Collected material:

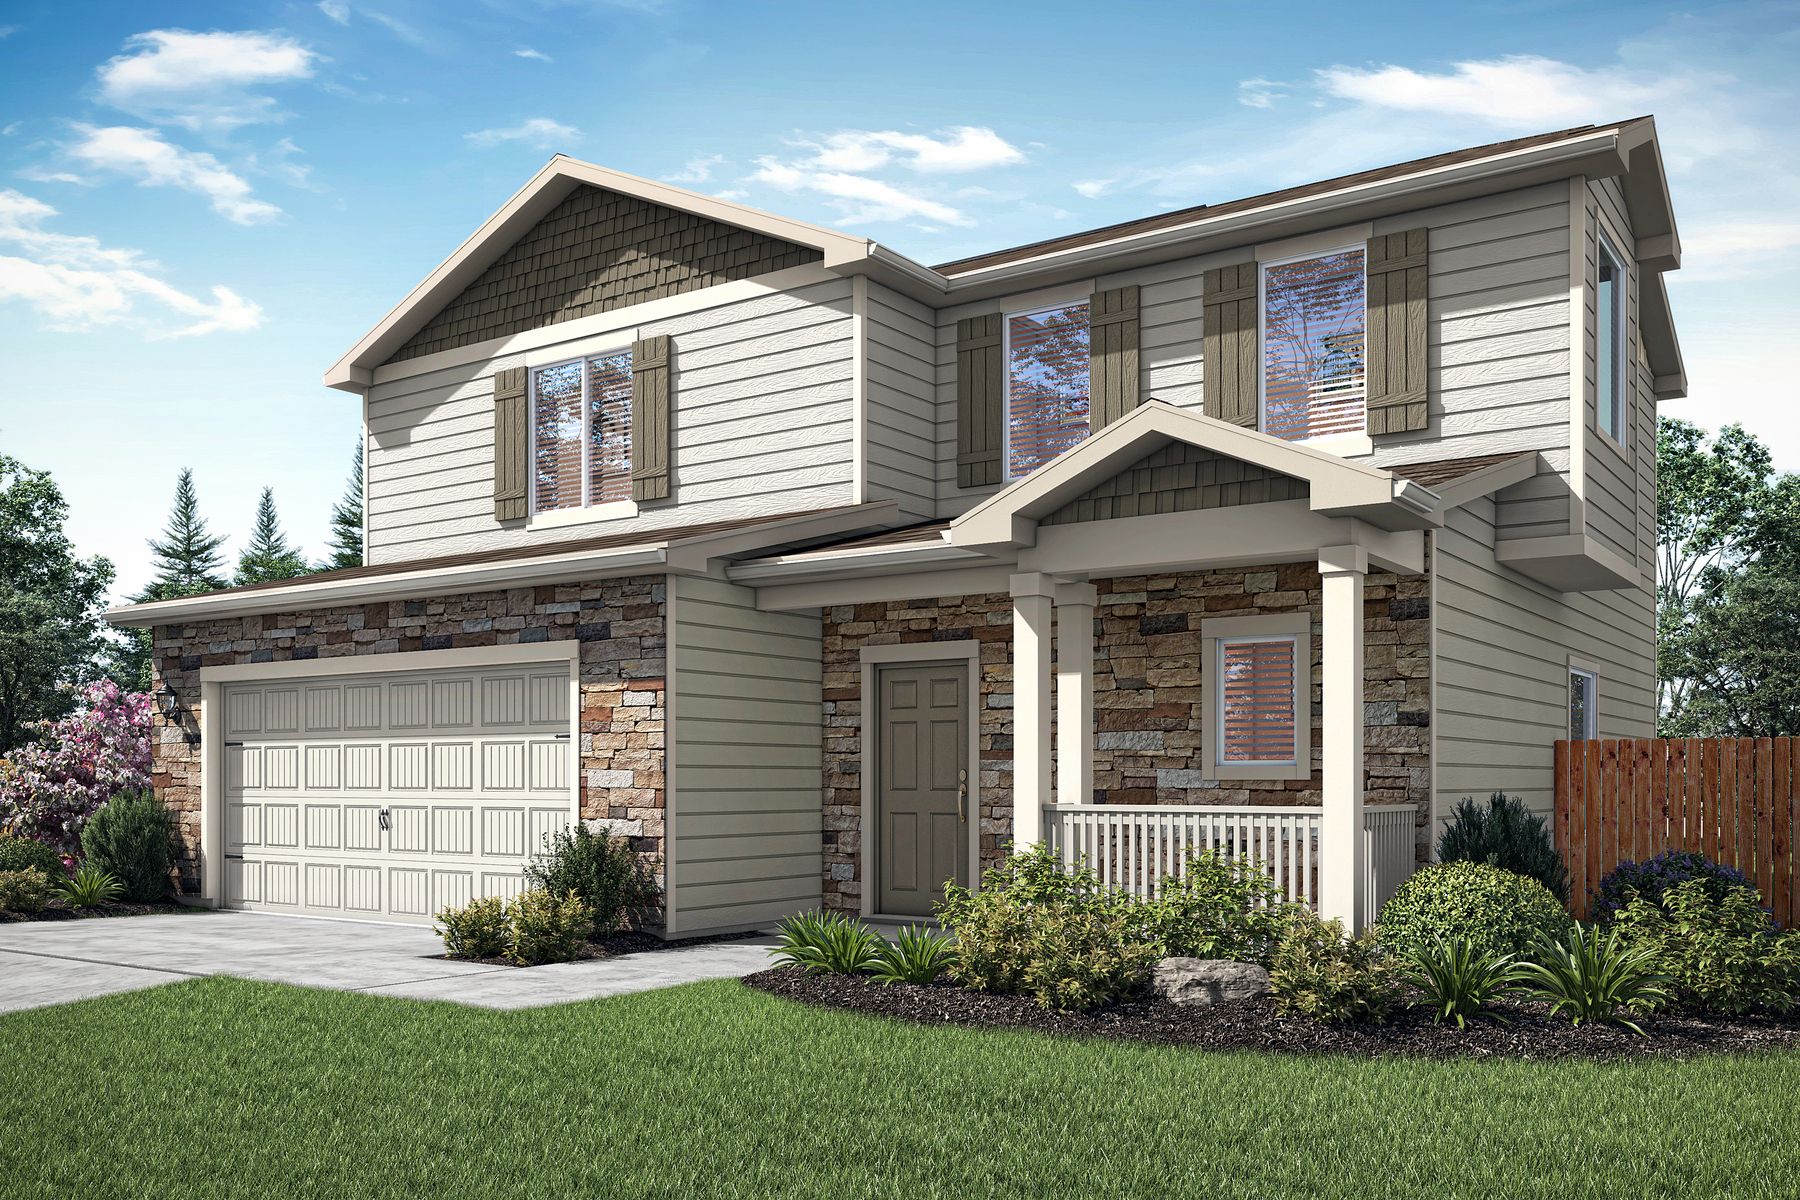 Rendering of the Mesa Verde at Pierson Park.:LGI Homes at Pierson Park
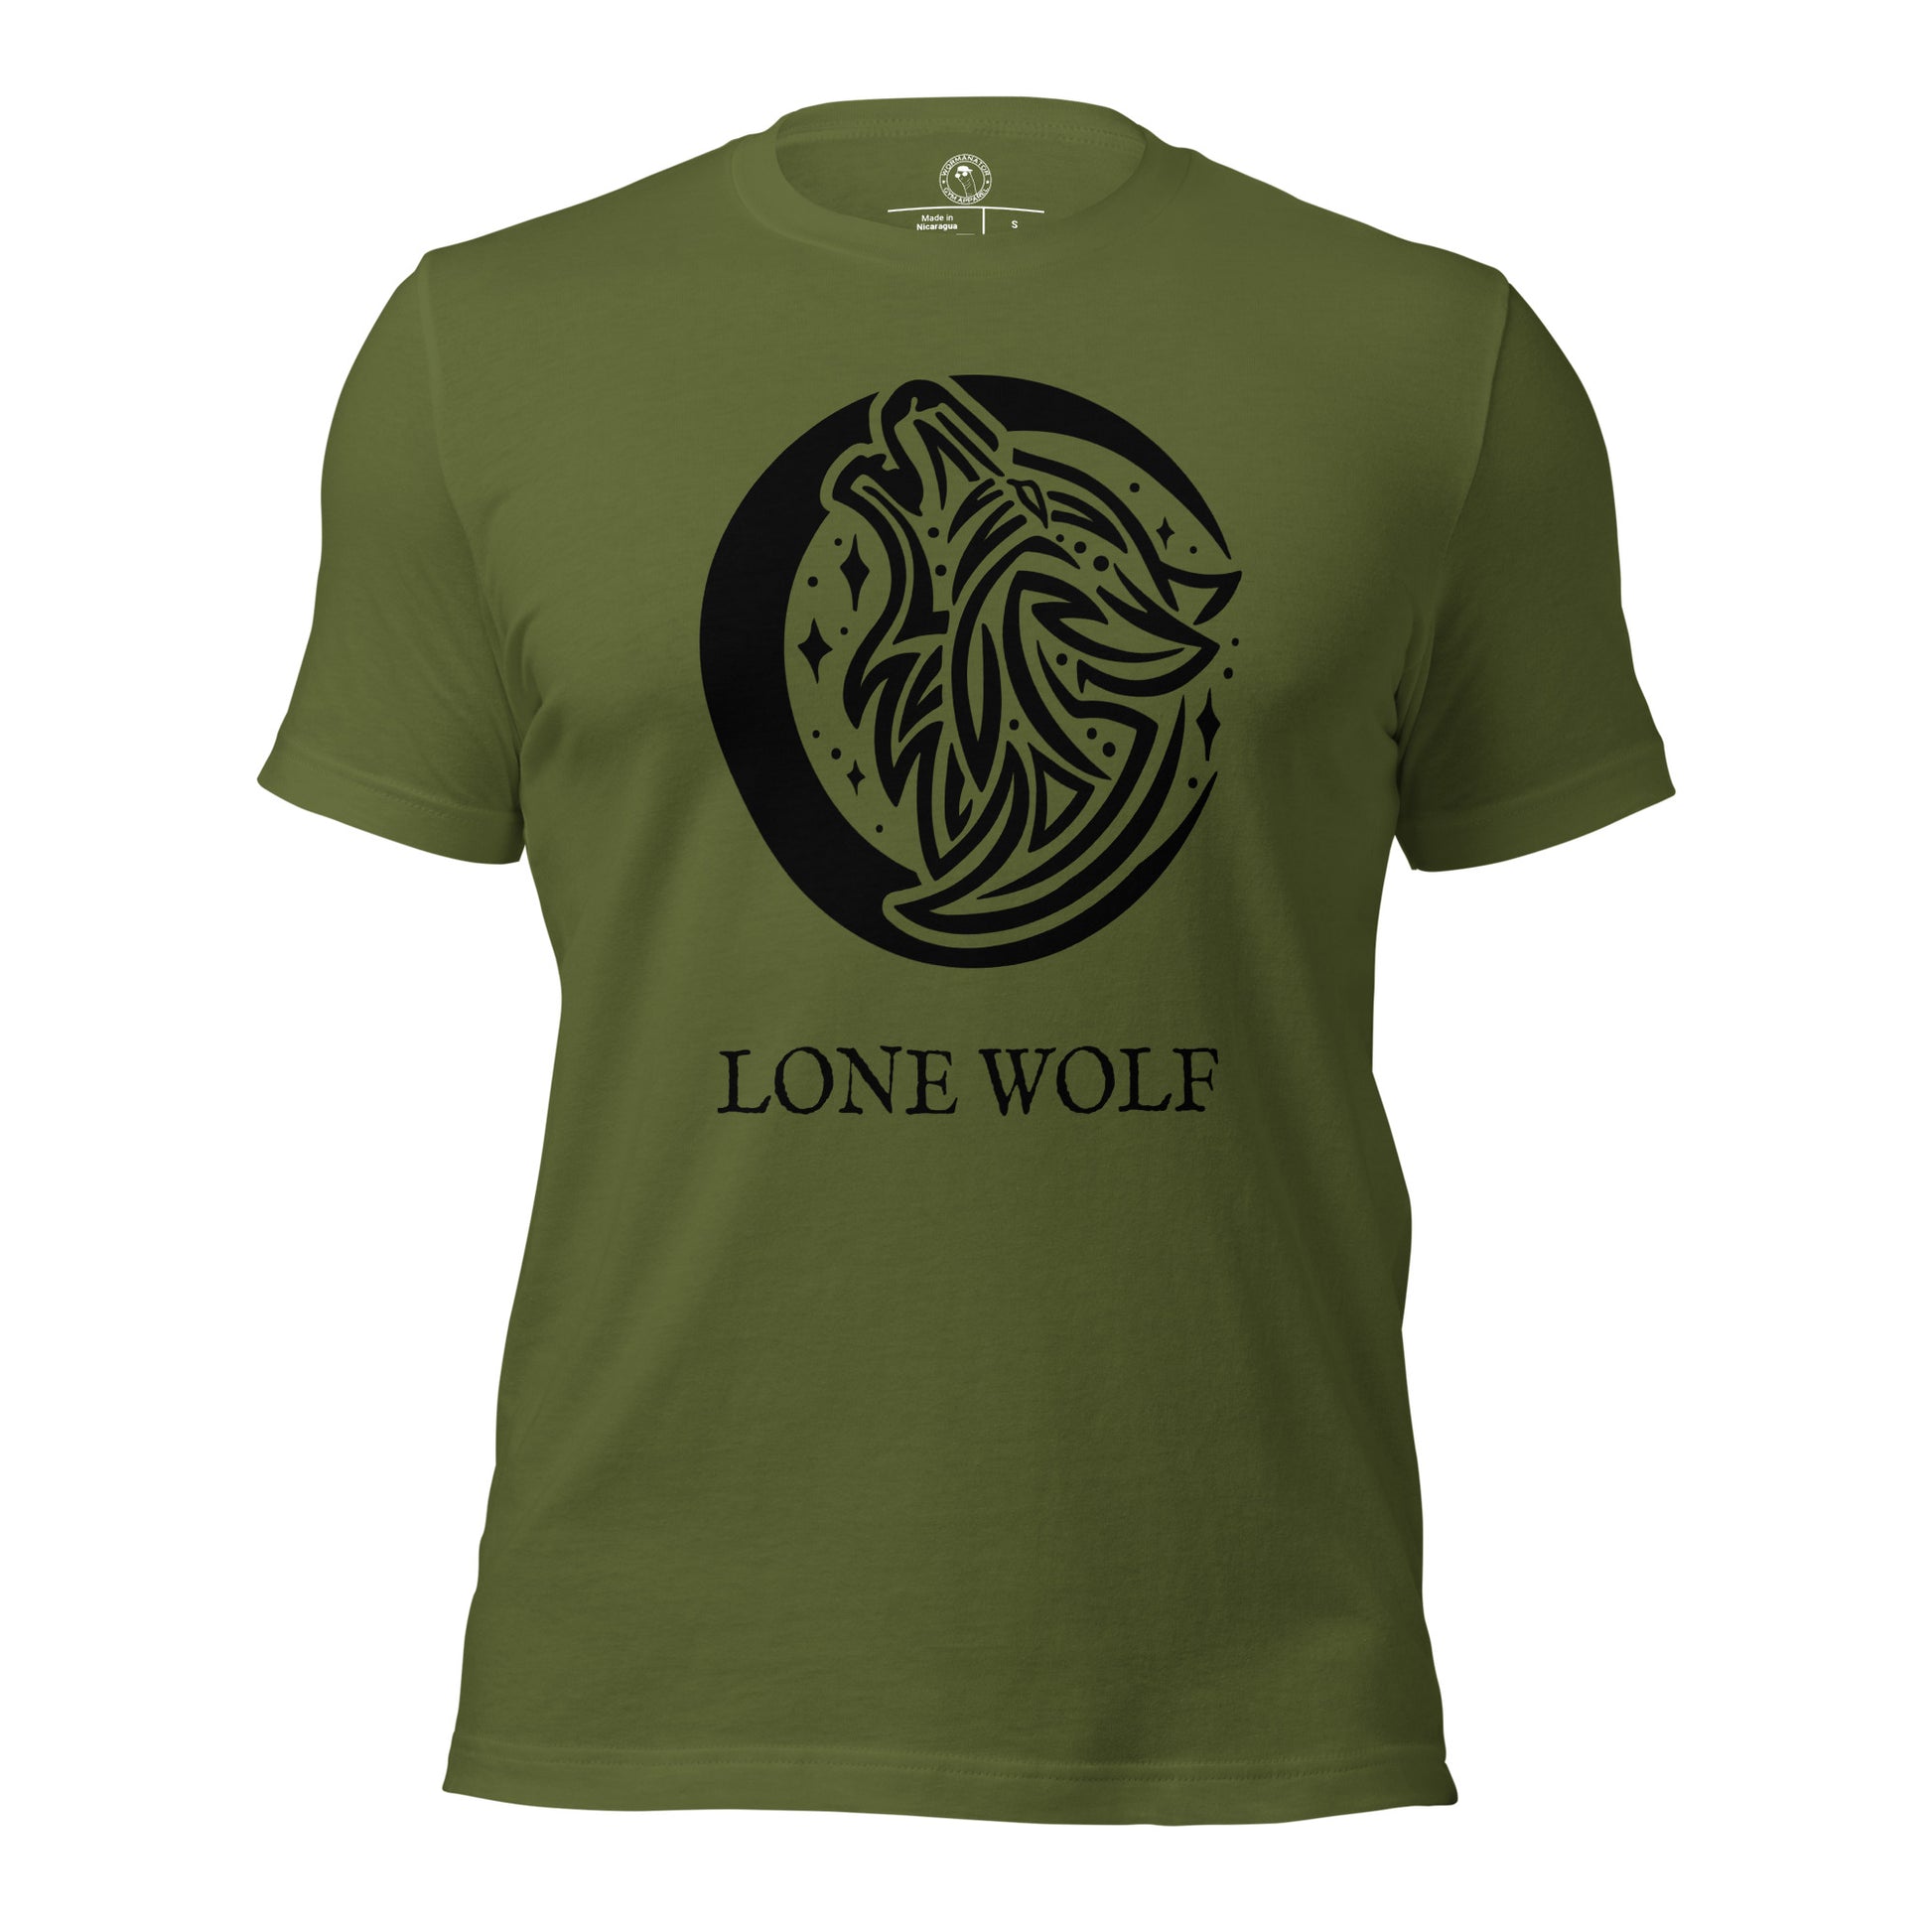 Lone Wolf Shirt in Olive Green
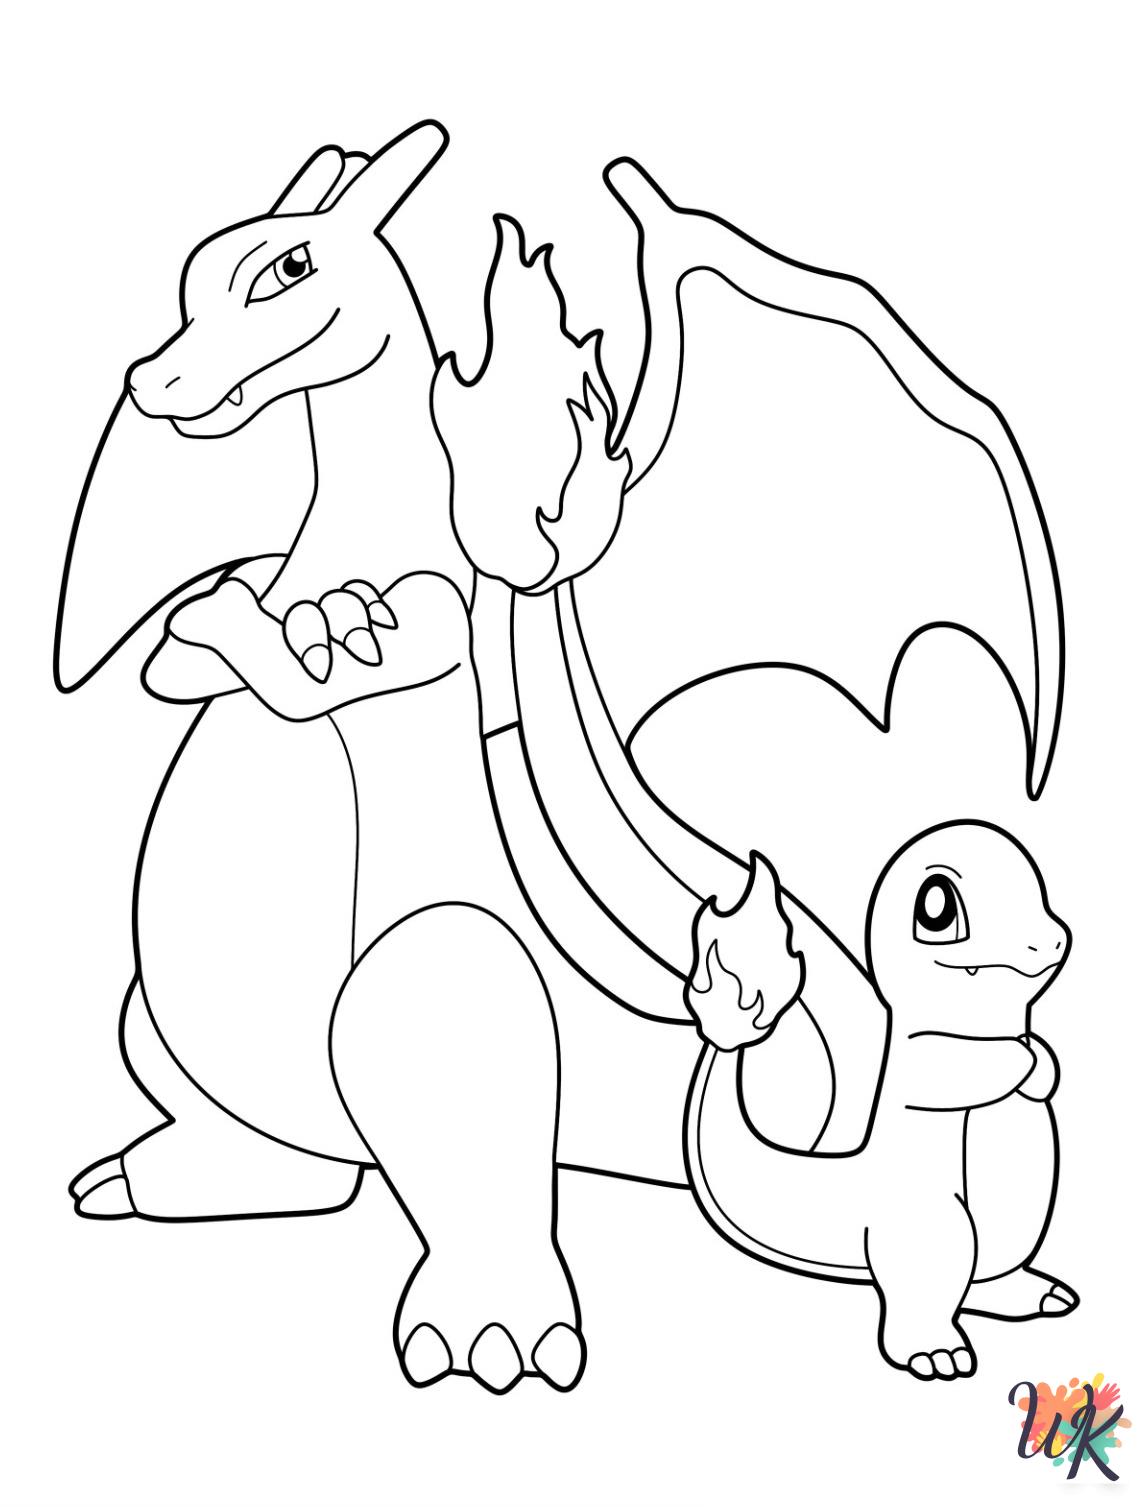 Charmander coloring pages to print

Exercise objective: Quote in full the listing given above; the images are to be left out.

Reply to the task:
 Rendering of the Mesa Verde at Pierson Park.:LGI Homes at Pierson Park
 Lone Wolf Shirt in Olive Green
 Charmander coloring pages to print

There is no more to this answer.